The ministry was asked to circulate the letter to Croatian media.
Giovanardi was quoted by Vecernji List as saying at a recent gathering of Italian World War Two refugees from Dalmatia that Italy would launch a cultural, economic and tourist invasion in order to restore "the Italianness of Dalmatia".
Resolutely condemning the time of nationalism and ethnic strife, Giovanardi wrote: "The only invasions that are possible at the moment, when barriers between countries are fortunately being torn down, are cultural, tourist and economic ones, in a future Europe of which we all will be citizens."
"In such a Europe linguistic minorities are a treasure to be cherished rather than a burden that should be isolated, and in such a Europe I want to feel at home in Zagreb, just as any Croatian citizen has the right to feel at home in Rome, Paris or London," the Italian minister said.

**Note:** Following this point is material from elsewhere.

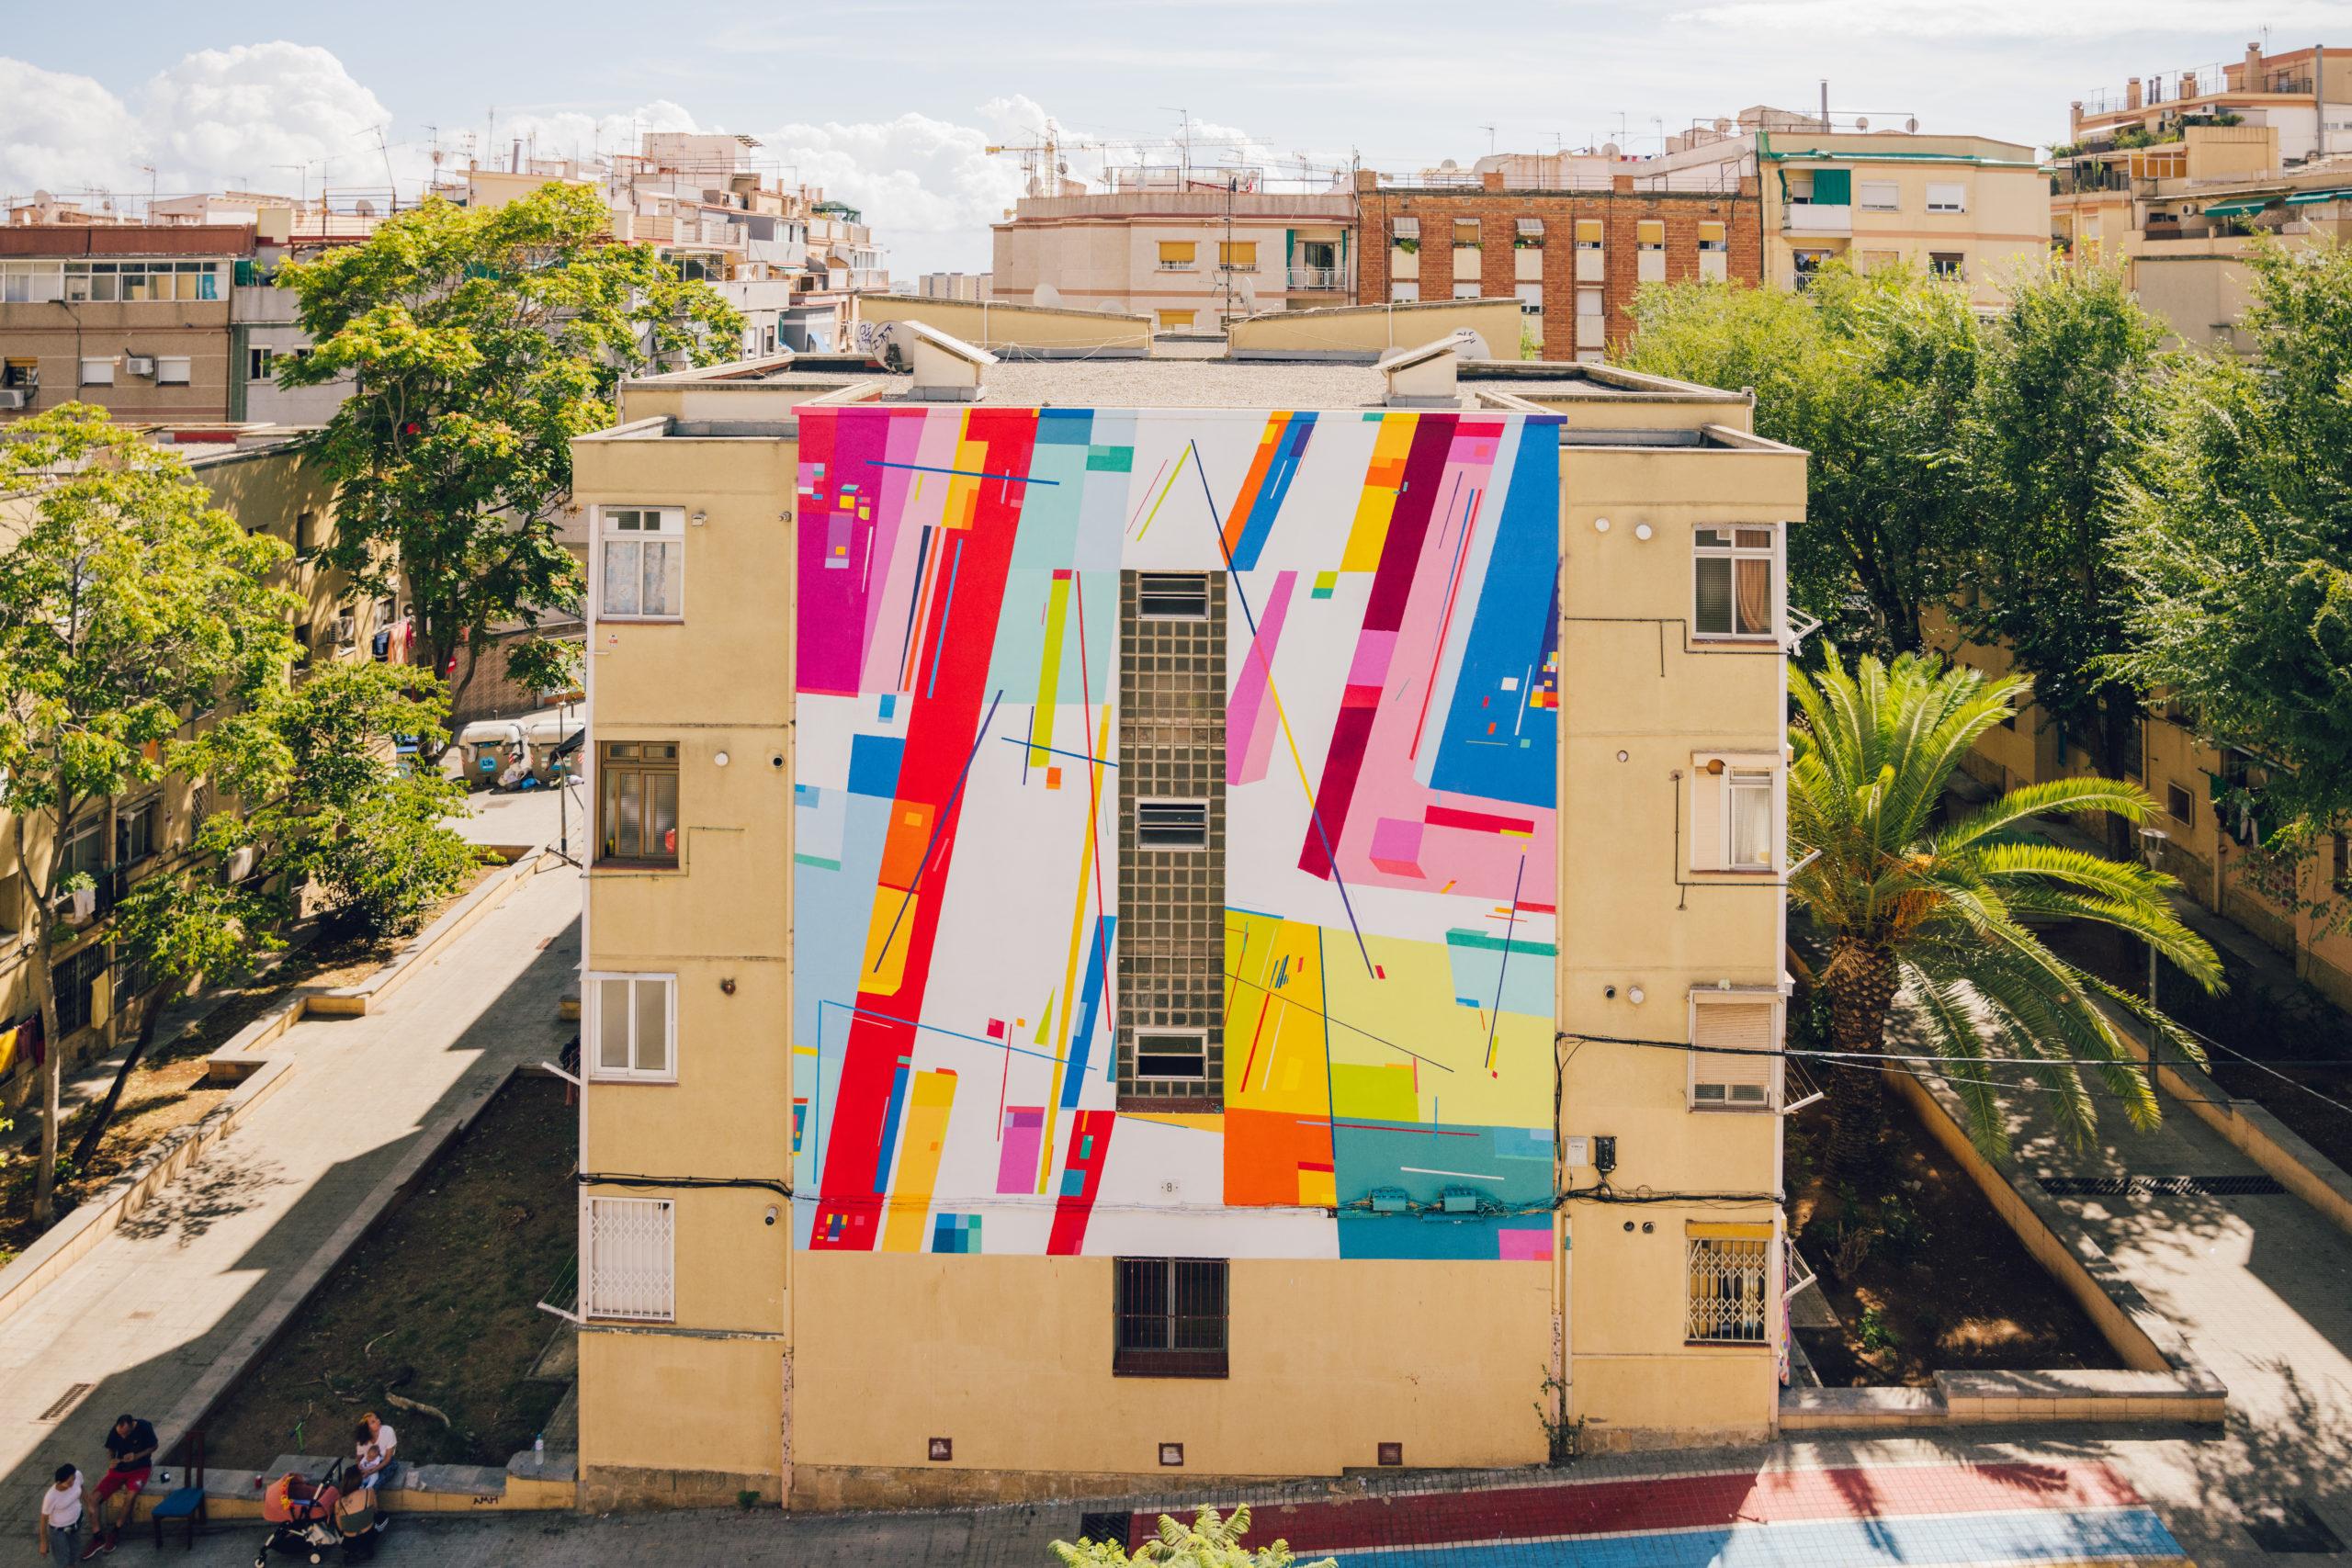 Mural de arte urbano en Hospitalet, cataluña

"I am enchanted by Croatian culture and the language, which is still spoken in many municipalities in the Molise region where down the centuries a majority of the population has not lost their roots that connect them to their country of origin on the other side of the Adriatic, just as I am enchanted by the contribution Italian-speaking Dalmatians have made to that area through history."
Declaring himself a friend of Croatia, the Italian minister recalled that he and his brother Daniele, former head of the Red Cross branch in the city of Modena, had organised three relief aid shipments to Zadar while this central Adriatic city was under Serb siege during the war in the early 1990s.